Настя в срочном порядке перевела разговор на другую тему. Но отметила для себя: у него вульгарный вкус. Надо обзавестись хотя бы одной короткой юбкой и декольтированной майкой со стразами, чтобы к нему подобраться.
Хотя в последнее время она даже не была уверена в том, что ей действительно надо подбираться к Давиду Даеву. С одной стороны, обида вроде бы до сих пор была крепка, и сердце до сих пор замирало, когда Настя слышала его имя или видела в газете его фотографию. С другой – она не понимала, как можно ему отомстить и нужно ли вообще кому-то мстить, тем более кому-то, кто, возможно, ни имени твоего не помнит, ни лица.
Оглядываясь назад, она со стыдом понимала, что тем беззаботным летним вечером сама напросилась на такого рода обман. Слонялась по бульвару в вечернем платье, охотно познакомилась с первым встречным, села в машину, в которой находилось трое (включая водителя) взрослых мужчин. Отправилась домой неизвестно к кому, добровольно проглотила сомнительную таблетку. На что она рассчитывала – что ее уложат в гостевой комнате, а на следующее утро подадут кофе в постель и подарят цветы?
Постепенно Настя успокаивалась. Ей больше не снились кошмары, она больше не была маниакальным покупателем журналов «Hello» и «Ok» и спокойно проходила мимо клуба «La-La». С другой стороны, это спокойствие в некотором роде обесценивало все ее московское существование – она приехала, чтобы отомстить, с этой мыслью она карабкалась вверх, и теперь, когда желание мести выцвело, подобно старой газете, год провалявшейся на солнечном подоконнике, теперь спрашивается: а зачем ей продолжать сопротивляться, что-то кому-то доказывать? Возвращаться в Углич она, понятное дело, не желает. Она могла бы спокойно работать, расслабленно жить, не тратя каждую секунду существования на истерическое самосовершенствование.
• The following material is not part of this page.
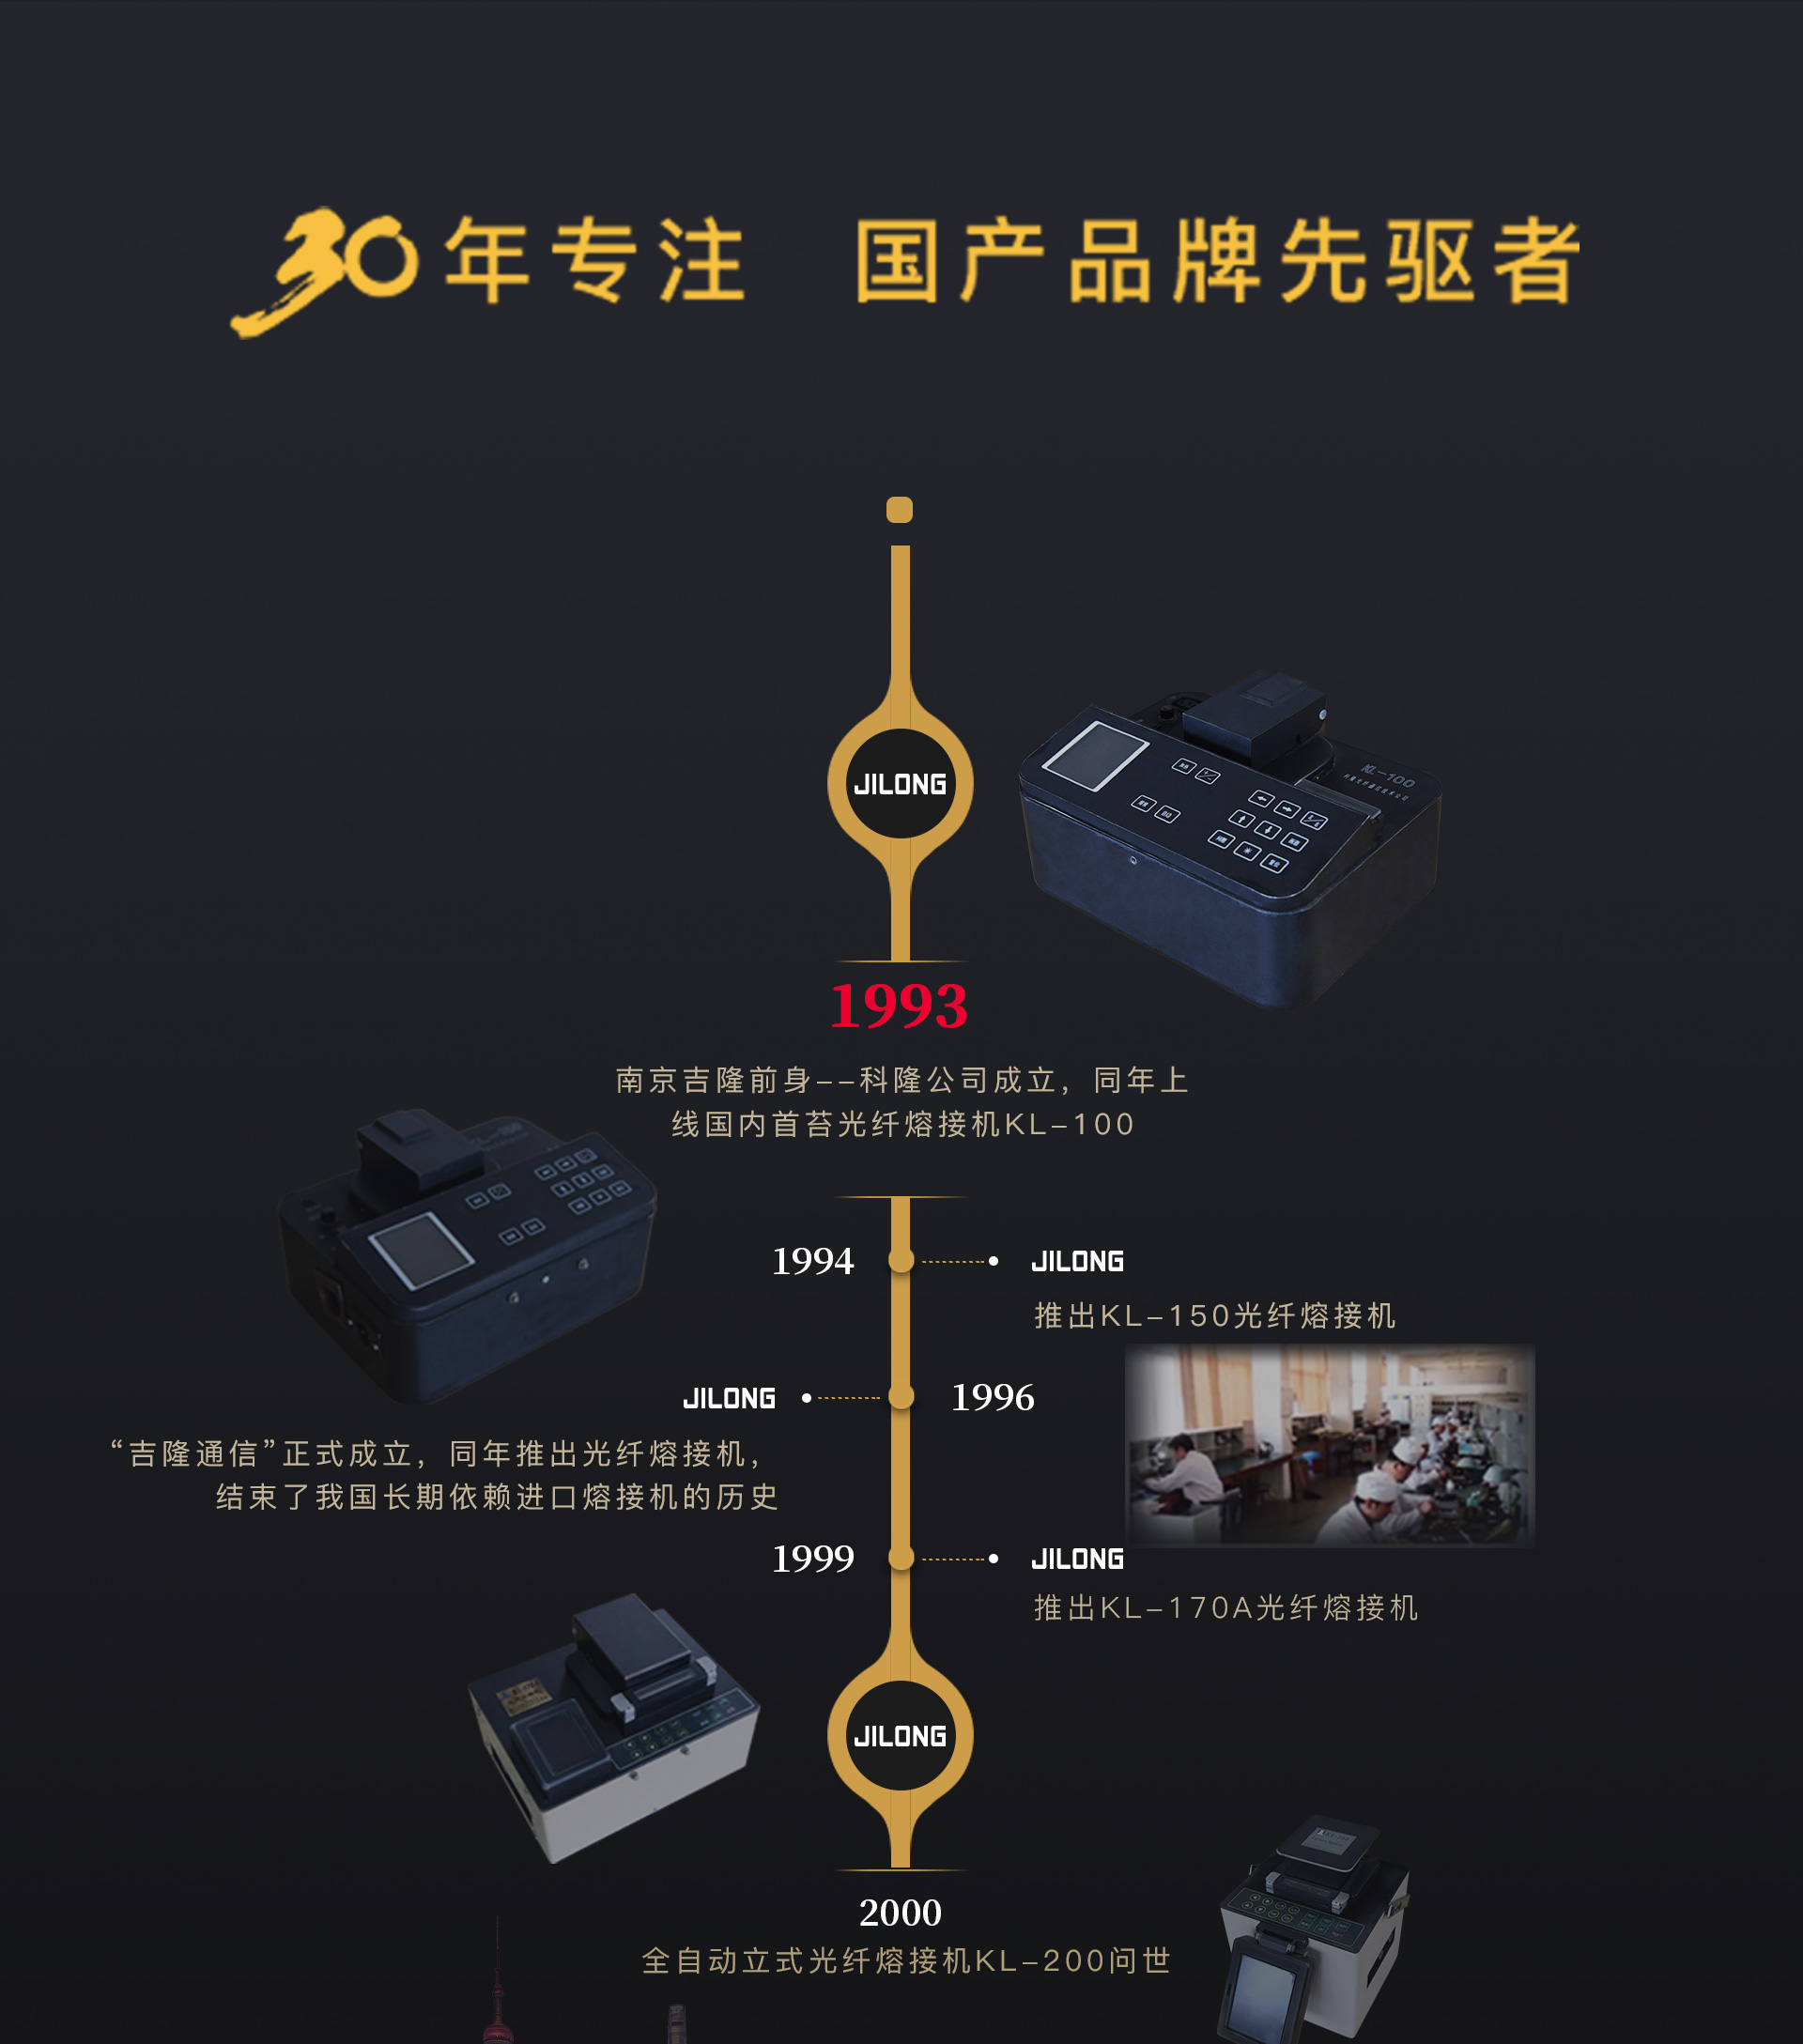 Jilong 30 años de I + D y experiencia en fabricación

Настя задавала себе эти вопросы, но в глубине души знала точно: она больше не сможет жить без этой гонки. Она привыкла жить на скорости, спать не больше шести часов в сутки, постоянно постигать, развиваться, меняться. И самое главное – в ней есть все данные для перемен. Настя гибкая, как ребенок, и новая информация липнет к ней, как ворсинки к черному пальто.
Жена Антона, Светлана, бравировала своей продвинутостью – любовниц супруга она обсуждала светским тоном, со спокойной полуулыбкой, которая совершенно не шла ее изможденному внутренними истериками лицу. Любую отвлеченную беседу она умудрялась постепенно свести к теме адюльтера. Все знали о Светином пунктике, кто-то тихо по этому поводу злорадствовал, кто-то, вздыхая, сочувствовал несчастной бабе. Сама она, наверное, ужаснулась бы, если бы поняла, какое на самом деле производит впечатление. Ей-то хотелось казаться ироничной, богемной, даже роковой.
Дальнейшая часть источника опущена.